Remnant cholesterol and systemic inflammation are two key, interrelated pathways in atherosclerosis. We examined whether the remnant cholesterol inflammatory index (RCII; remnant cholesterol × C-reactive protein/10) predicts incident cardiovascular disease (CVD) among adults in early cardiovascular–kidney–metabolic (CKM) stages.

Methods

We analyzed 5,961 China Health and Retirement Longitudinal Study participants aged ≥ 45 years (baseline 2015; follow-up through 2020) classified as CKM stages 0–3 and free of baseline CVD. Incident CVD (heart disease or stroke) was identified from self-reported physician diagnoses. We used multivariable Cox models with hierarchical adjustment, assessed dose–response patterns using restricted cubic splines, and conducted prespecified subgroup and exploratory mediation analyses.

Results

Over a median follow-up of 5.00 years (IQR, 5.00–5.09), 1,080 incident CVD occurred (18.1%). Each 1-unit increase in log-RCII was associated with higher CVD risk in the fully adjusted model (hazard ratio [HR] 1.070, 95% CI 1.016–1.127; P = 0.010).
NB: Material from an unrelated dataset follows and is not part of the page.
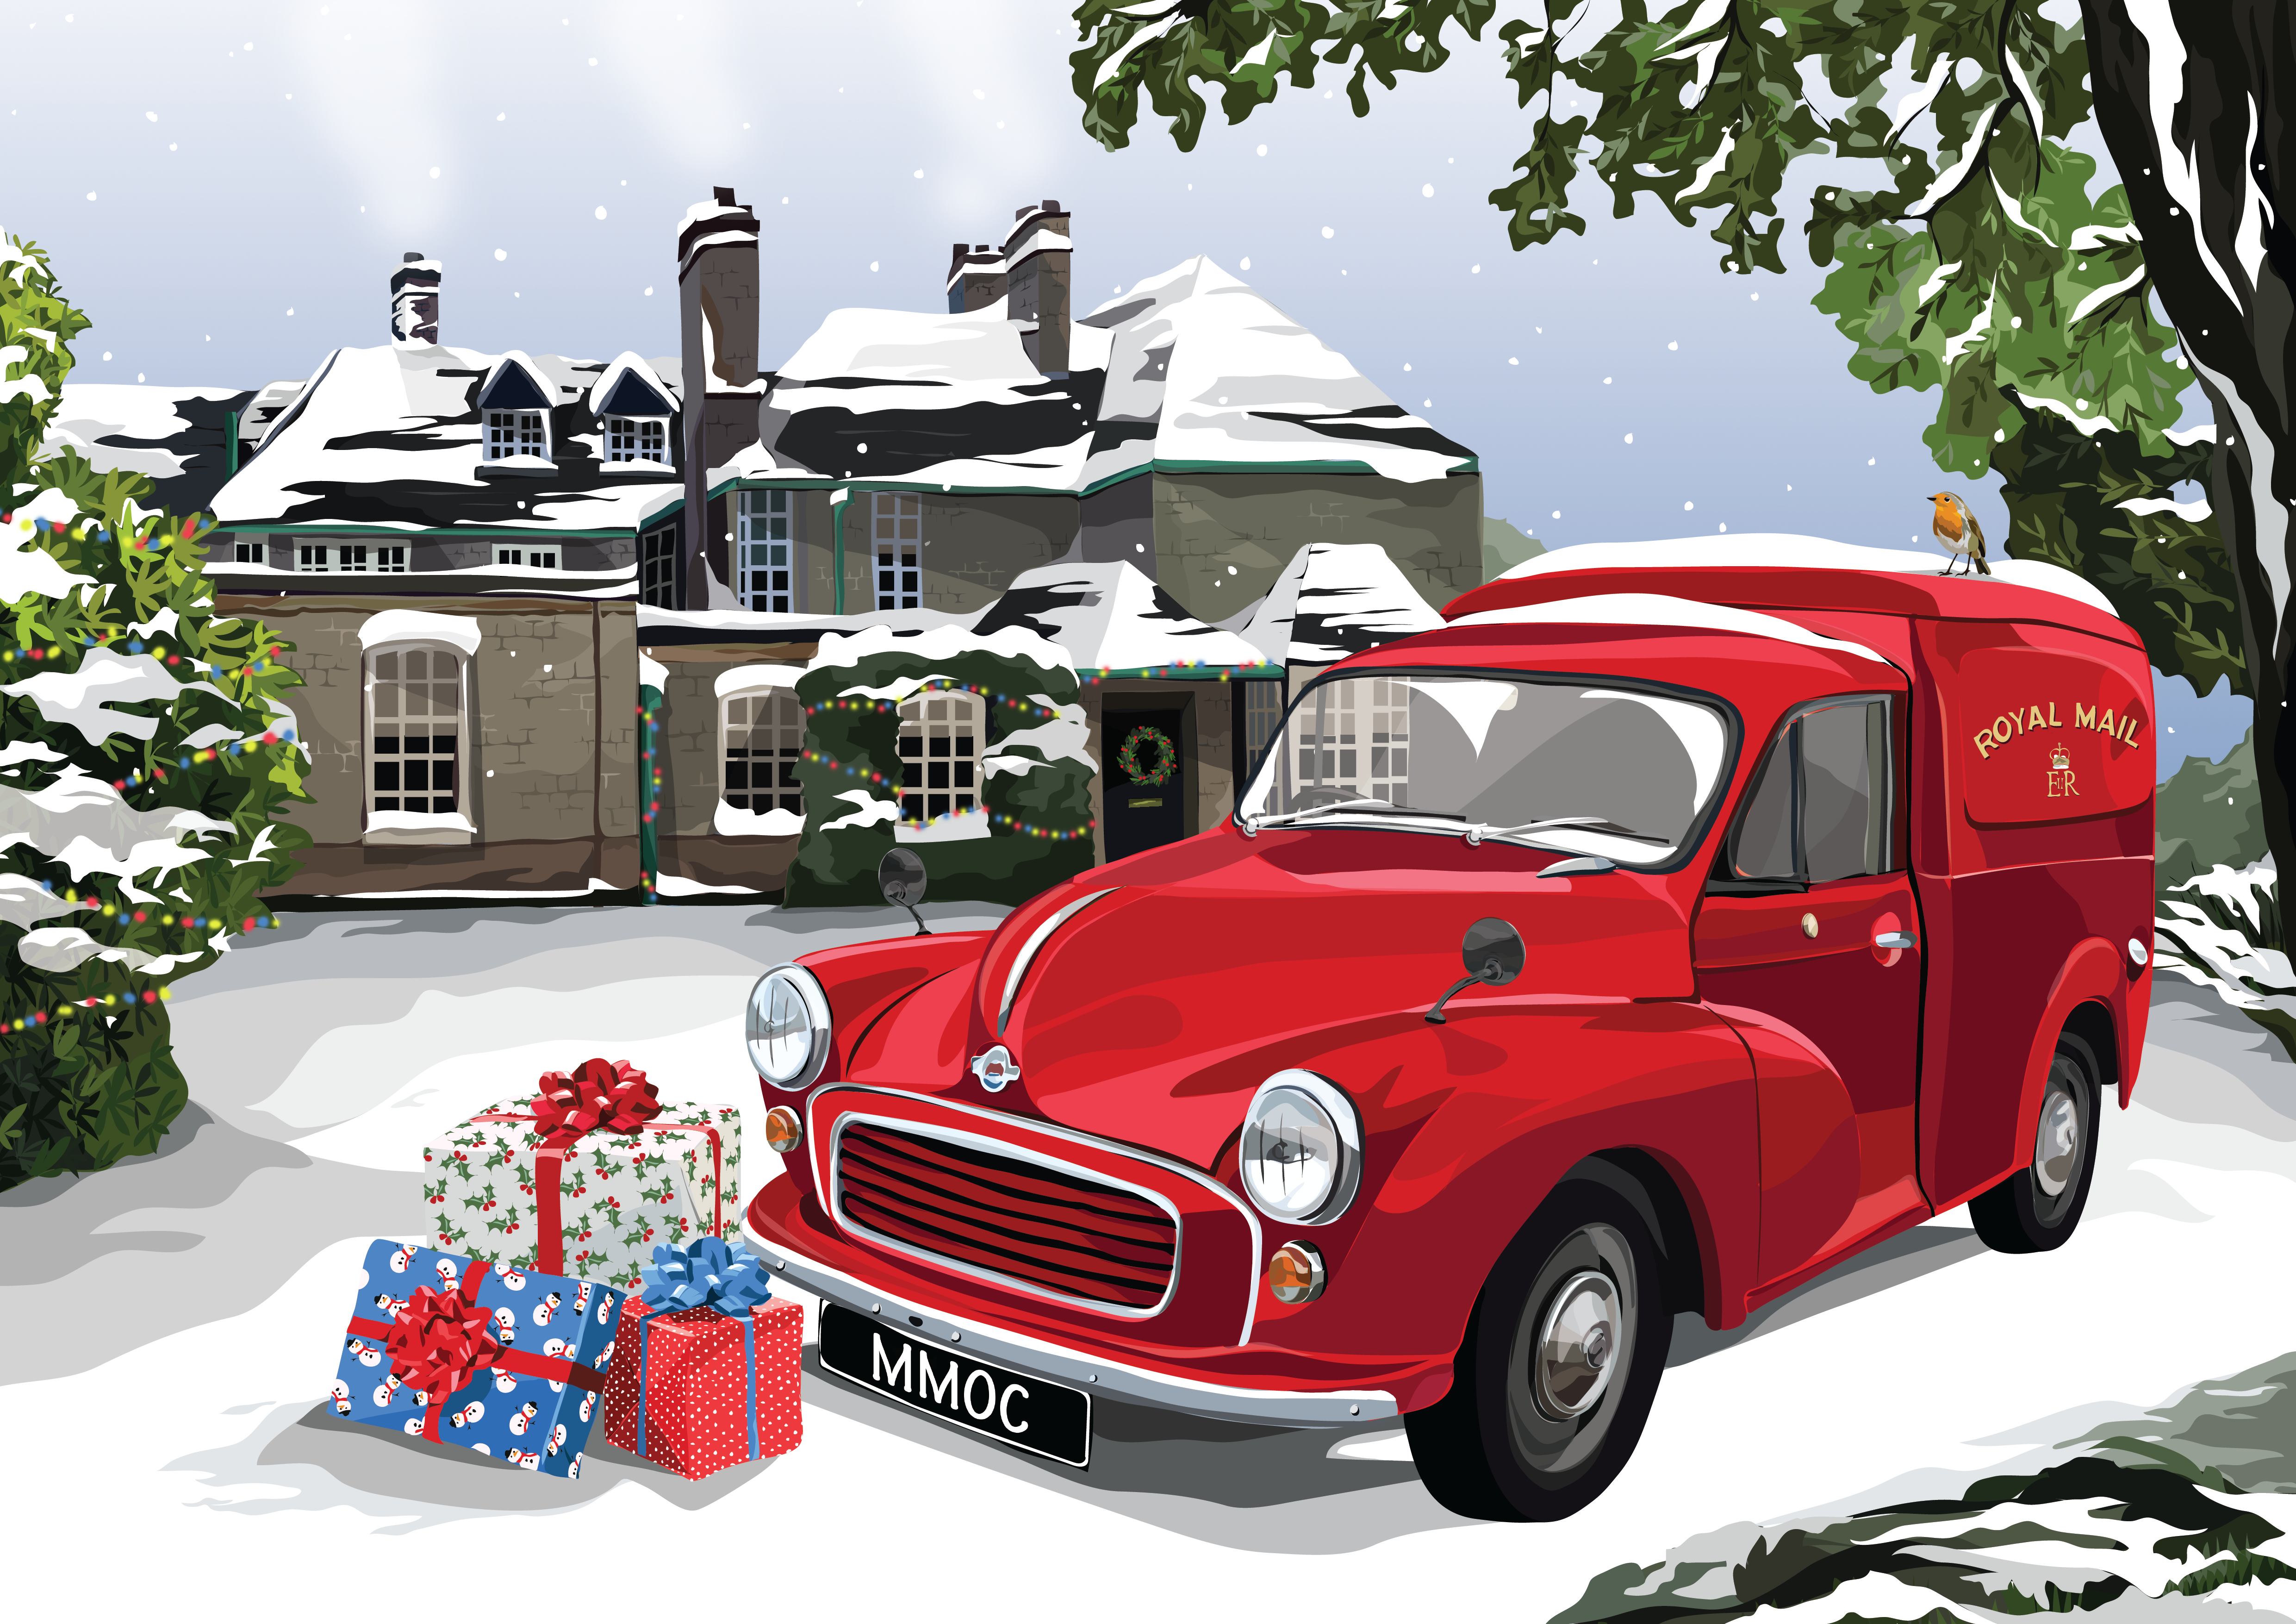 Christmas Cards - Nuffield Place
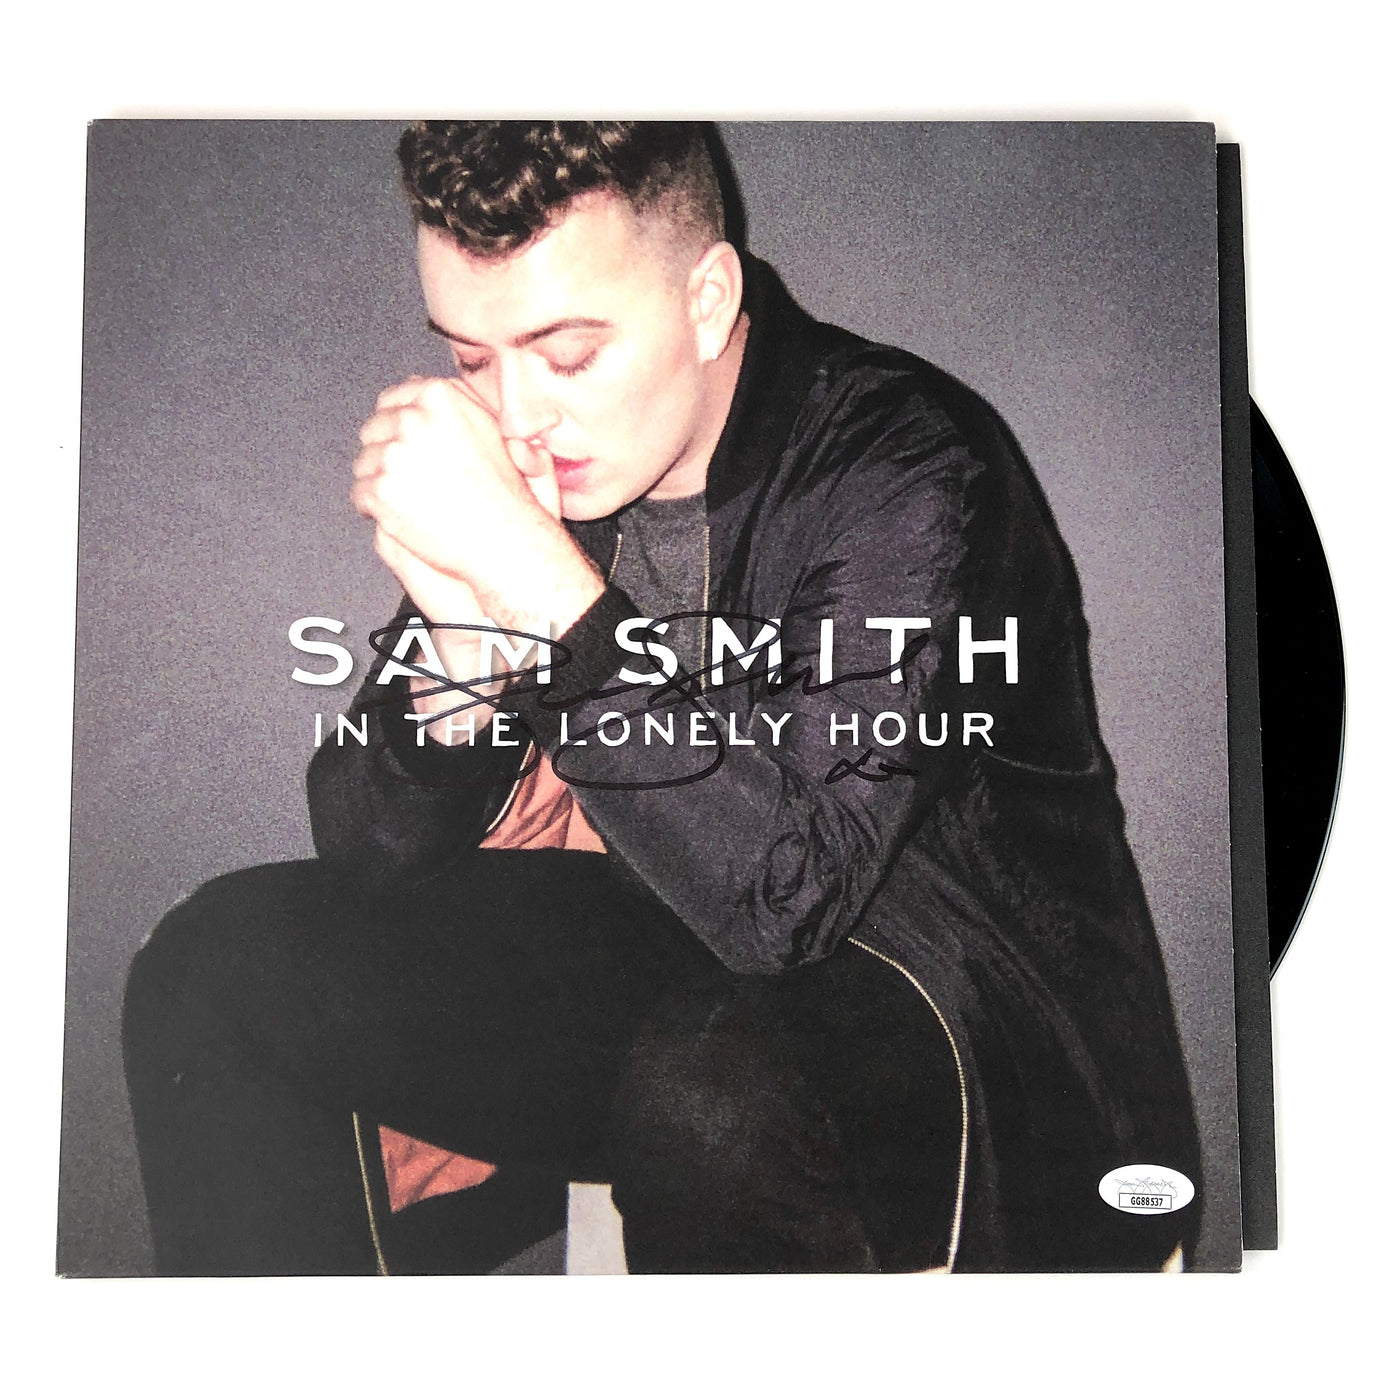 Sam Smith Autograph In the Lonely Hour Vinyl Record JSA COA

Compared with quartile 1, quartile 4 had increased risk (HR 1.239, 95% CI 1.029–1.492; P = 0.024; P for trend = 0.043). The dose–response association was linear (P for nonlinearity = 0.795), and no effect modification was detected (all P for interaction > 0.05). Systolic blood pressure mediated 5.0% (95% CI 1.10% to 17.00%) of the RCII–CVD association.

Conclusions

Higher RCII was modestly associated with incident CVD across early CKM stages, suggesting a simple research marker to identify individuals at higher risk during a prevention window. Standardized thresholds and external validation of incremental predictive value are needed before clinical use.